Truth be told, for all that gets published on a daily basis, there isn't that much of use in the press for your basic anthropology class. One seems to be perpetually stuck with that view of culture that is both eternal and exotic. You know, the one that I think we can safely say the vast majority of students come with: "those people have a fully formed culture which sprang like Athena from Zeus's head and, man, its weird shit." To counter-act that view its always nice to find a story which presents "culture" in the process of becoming. Then, the anthropology professor can assert: "see, here we have common and shared human emotions, something we all recognize, being expressed in the terms given by the life experiences of the people--this, right here, is the heart and soul of our discipline, reality and meaning being constructed anew through the lived experiences of people--with all the shit attached." I always like to take away some shit but give some shit back because, generally, students are correct, there is always some shit when it comes to people.

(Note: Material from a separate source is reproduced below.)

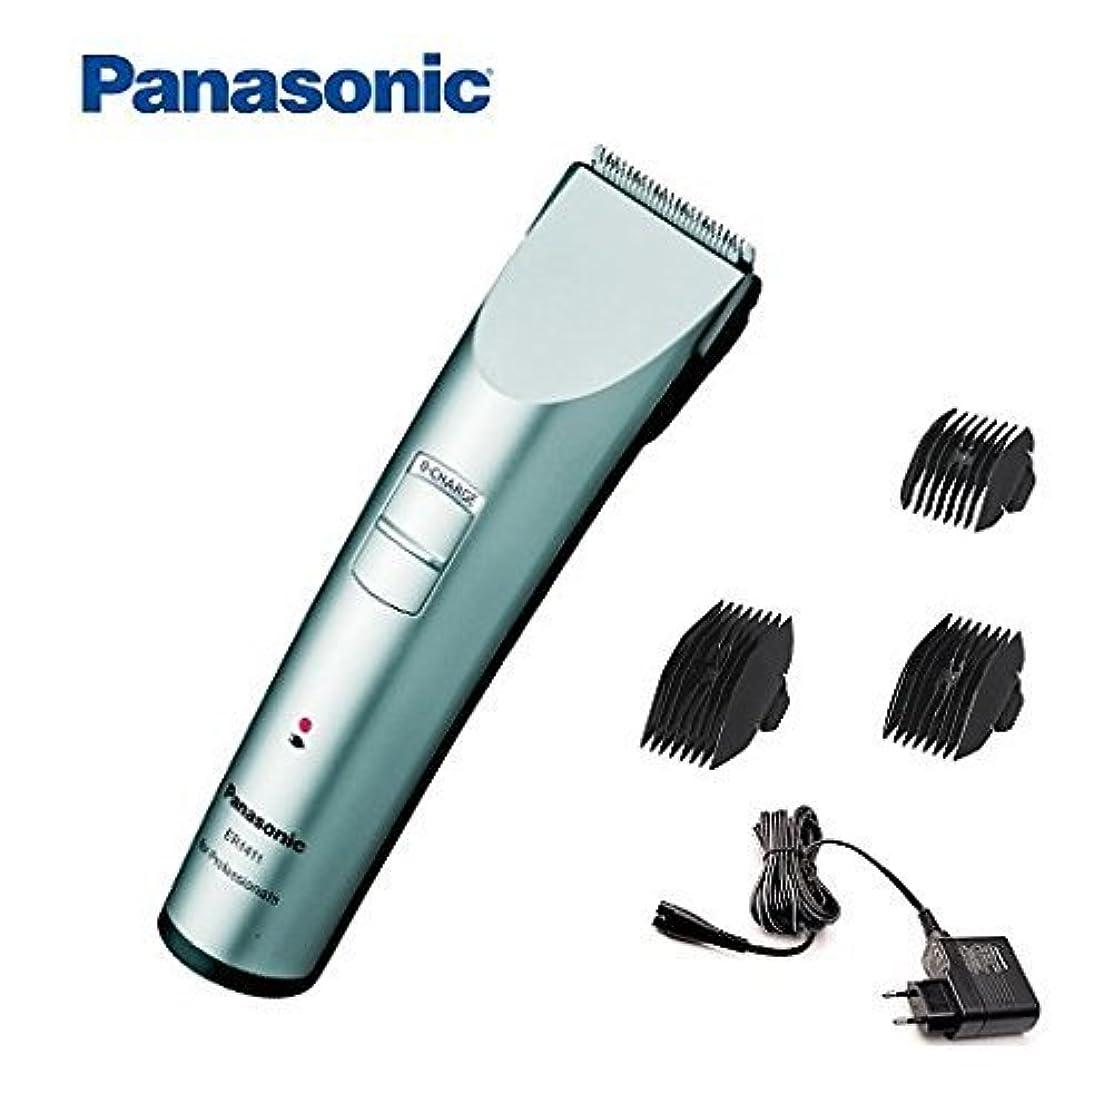 電気陽性遺伝的アルコーブNew Panasonic ER1411 ER-1411 ER1411s Cord/Cordless Professional Hair Clipper by Panasonic [並行輸入品]

Here in the New York Times is one such story, teachable news you can use:
Lovelorn Iraqi Men Call on a Wartime Skill.Here is the beginning of the story to get you started but click on through to read it all:
It goes like this: Boy meets girl. They exchange glances and text messages, the limit of respectable courting here. Then boy asks girl’s father for her hand. Dad turns him down. Boy goes to girl’s house and plants a bomb out front.
The authorities call it a “love I.E.D.,” or improvised explosive device, and it is not just an isolated case. Capt. Nabil Abdul Hussein of the Iraqi national police said that six had exploded in the Dora neighborhood of Baghdad alone in the past year.
“These guys, they face any problem with their girlfriends, family, anyone, and they’re making this kind of I.E.D.,” Captain Hussein said.